1MDB, which owns property and energy assets and whose advisory board is chaired by Malaysian Prime Minister Najib Razak, has been dogged with controversy over nearly 42 billion ringgit ($11.5 billion) in debt and alleged financial mismanagement.
Its financial problems have been a burden on state finances and have weighed on the ringgit currency and Malaysia's credit rating.
Najib ordered an audit of 1MDB's accounts by the country's Auditor General earlier this year.
"With respect to 1MDB, a formal enquiry has commenced to examine any contravention of the central bank's rules and legislation," Bank Negara Malaysia said in a statement.
"This has involved the issuance of a legal directive requiring information from the entity," it said.
The central bank said it has also taken statements from individuals involved in the governance of 1MDB, but did not elaborate.
Malaysia's finance ministry said it was within the central bank's jurisdiction to request the information on 1MDB's transactions.
"If it involves banks overseas, based on international protocols, they (central bank) can ask for information," deputy finance minister Ahmad Husni Mohamad Hanadzlah said in a televised interview late on Wednesday. "We are open enough."
The central bank's move comes just weeks after the Monetary Authority of Singapore (MAS) said it was in touch with Malaysia's regulators over an investigation into the fund.
Bank Negara said it had forwarded information from foreign authorities to the relevant investigation agencies.
Failure to meet its request for information from the board and the management could result in a fine of up to 50 million ringgit or up to 10 years in prison or both, it said.
The bank said it launches a formal investigation when money approved by the bank was not used for the purpose indicated or when false information is provided, or if there was a failure to comply with the conditions of approval.
1MDB President and Group Executive Director, Arul Kanda, said the fund would fully cooperate with Bank Negara.
"1MDB will extend its full cooperation to Bank Negara Malaysia and we look forward to this matter reaching a swift conclusion," Arul said in a statement.
Earlier on Wednesday, 1MDB released details of its 42 billion ringgit debt, to counter allegations that some of the funds were missing.
In a statement breaking out the expenditure, 1MDB said that about 18 billion ringgit was spent on the purchase of independent power plants (IPP) and about 15.4 billion ringgit went into investment funds.

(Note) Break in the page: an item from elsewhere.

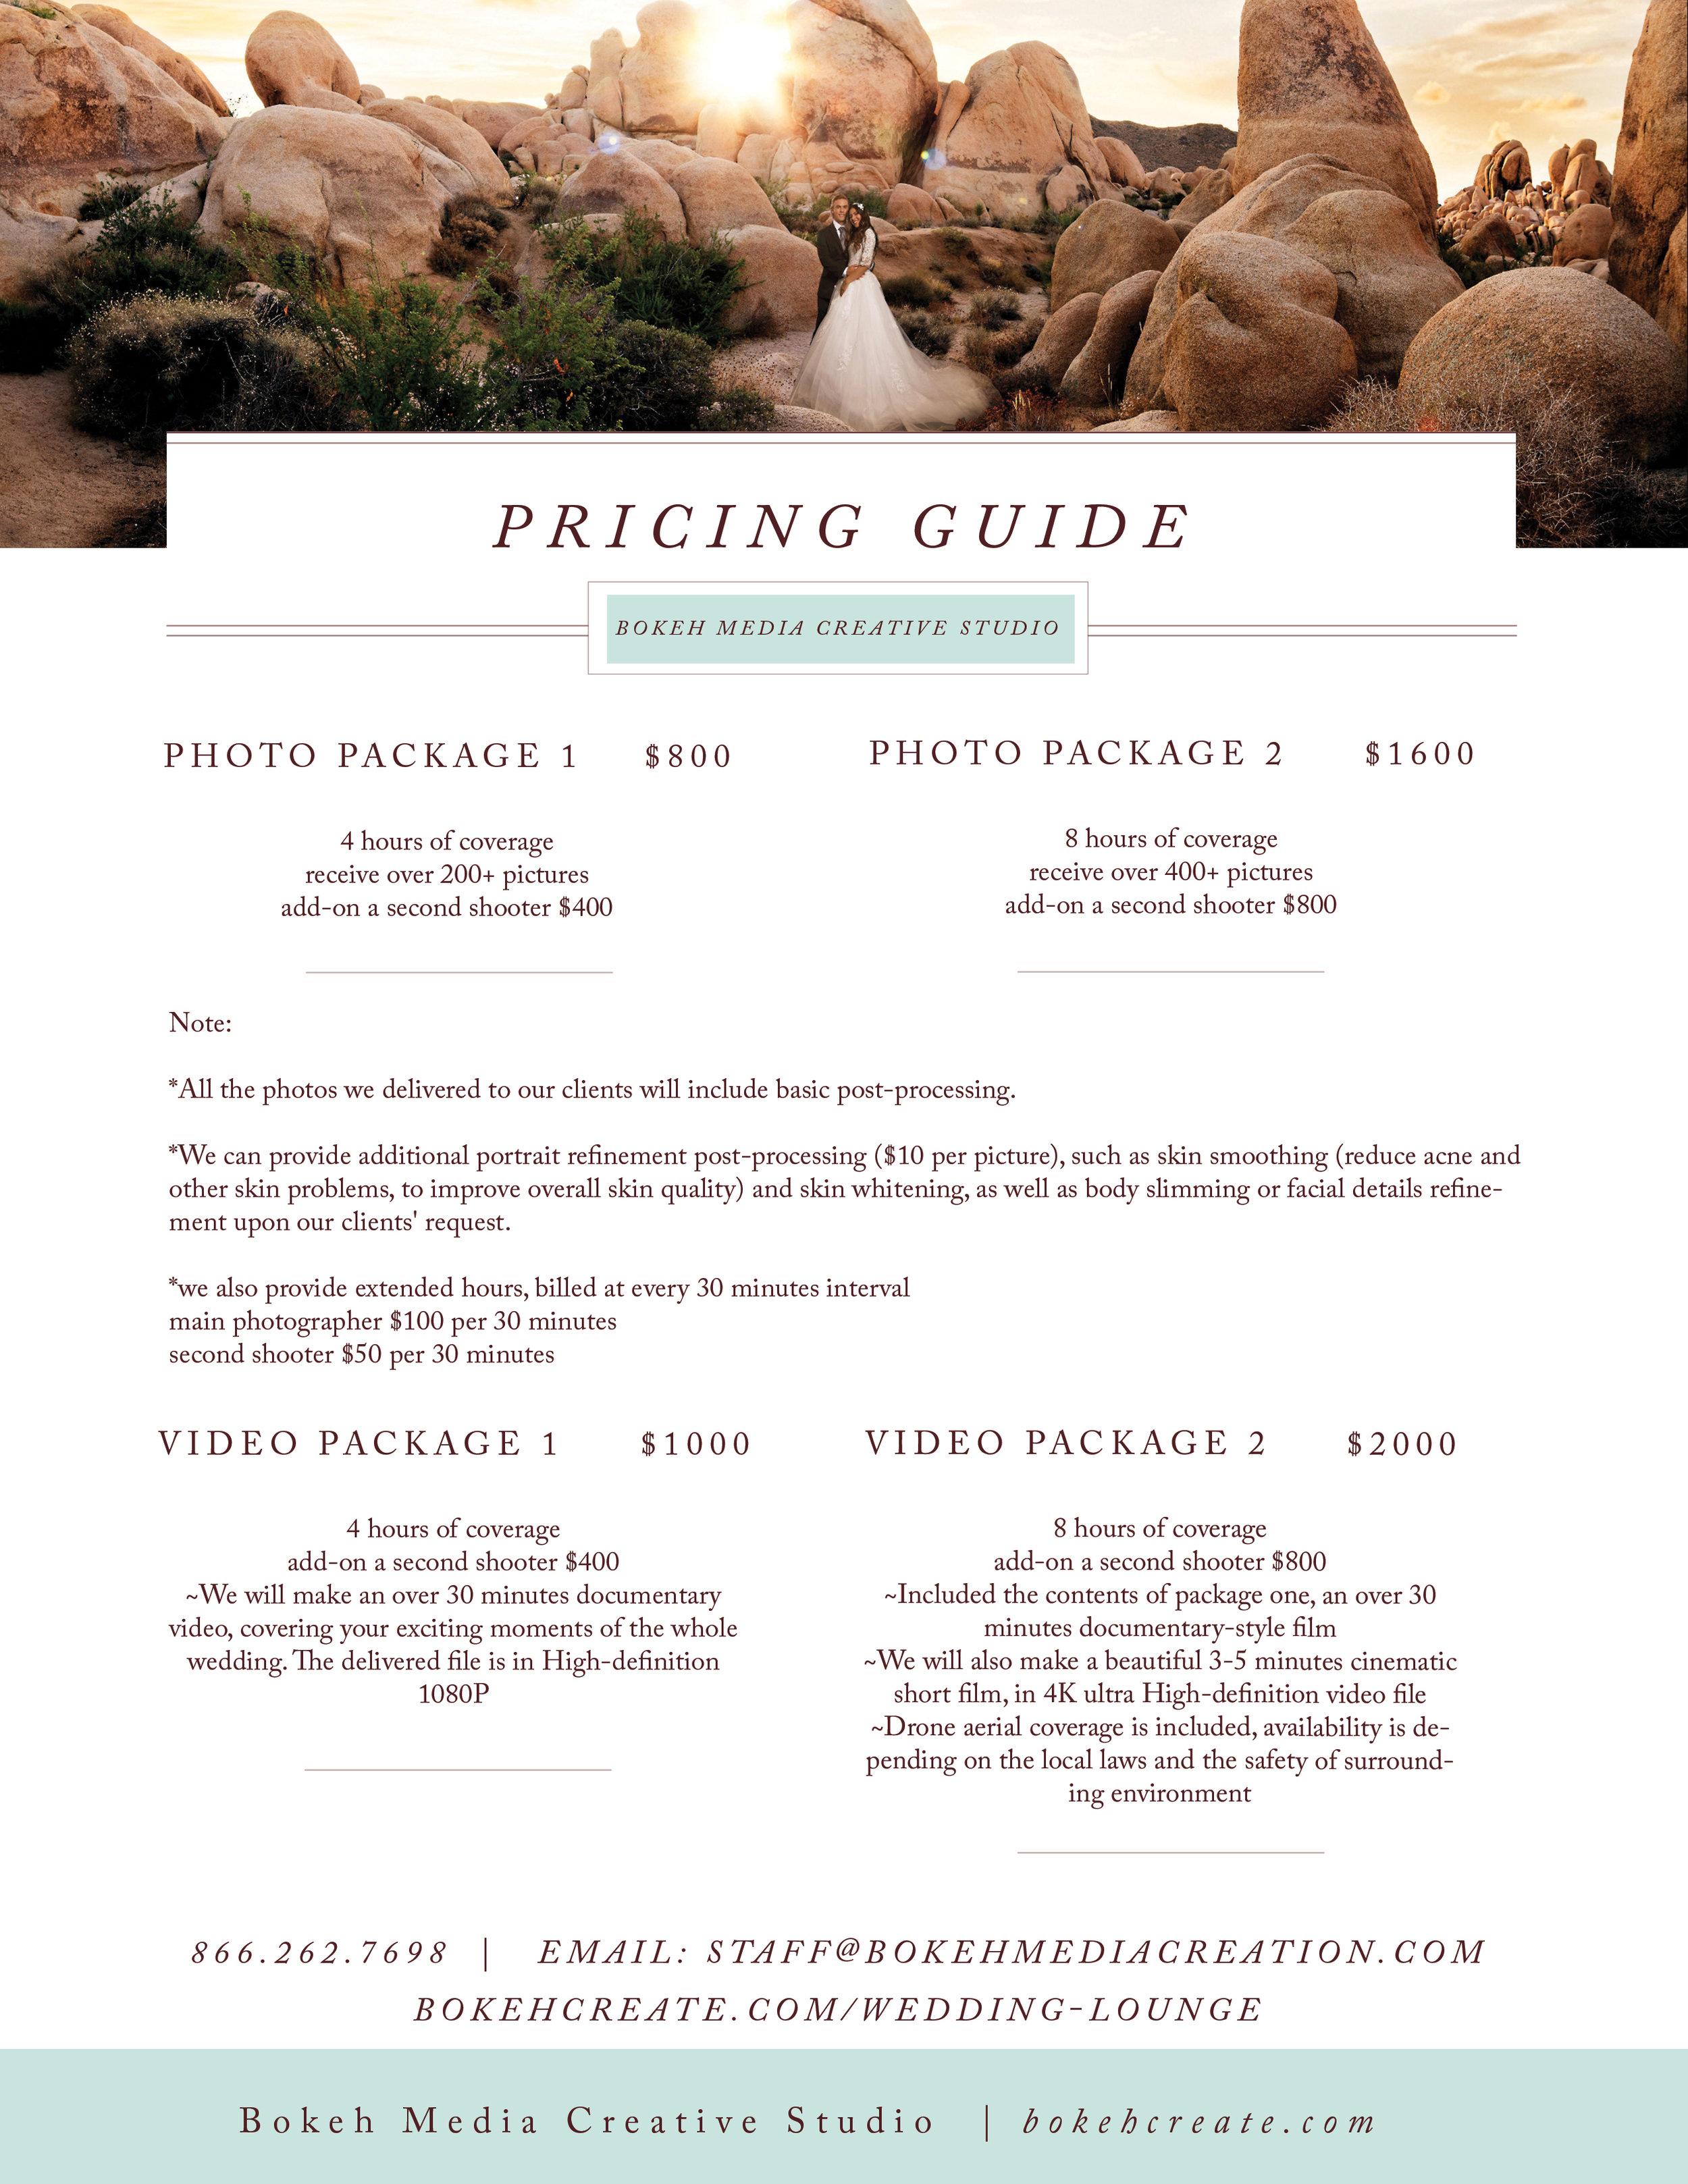 Bokeh Media Wedding Pricing Guide.jpg

It spent about 1.7 billion ringgit to purchase land assets and 5.8 billion ringgit was listed as financial expenditure.
The company said it holds about 900 million ringgit in surplus cash.
1MDB completed a strategic review of its operations earlier this year and said it planned to sell assets and development rights in prime property projects to cut debt. It is said to be planning an initial public offering for its energy unit.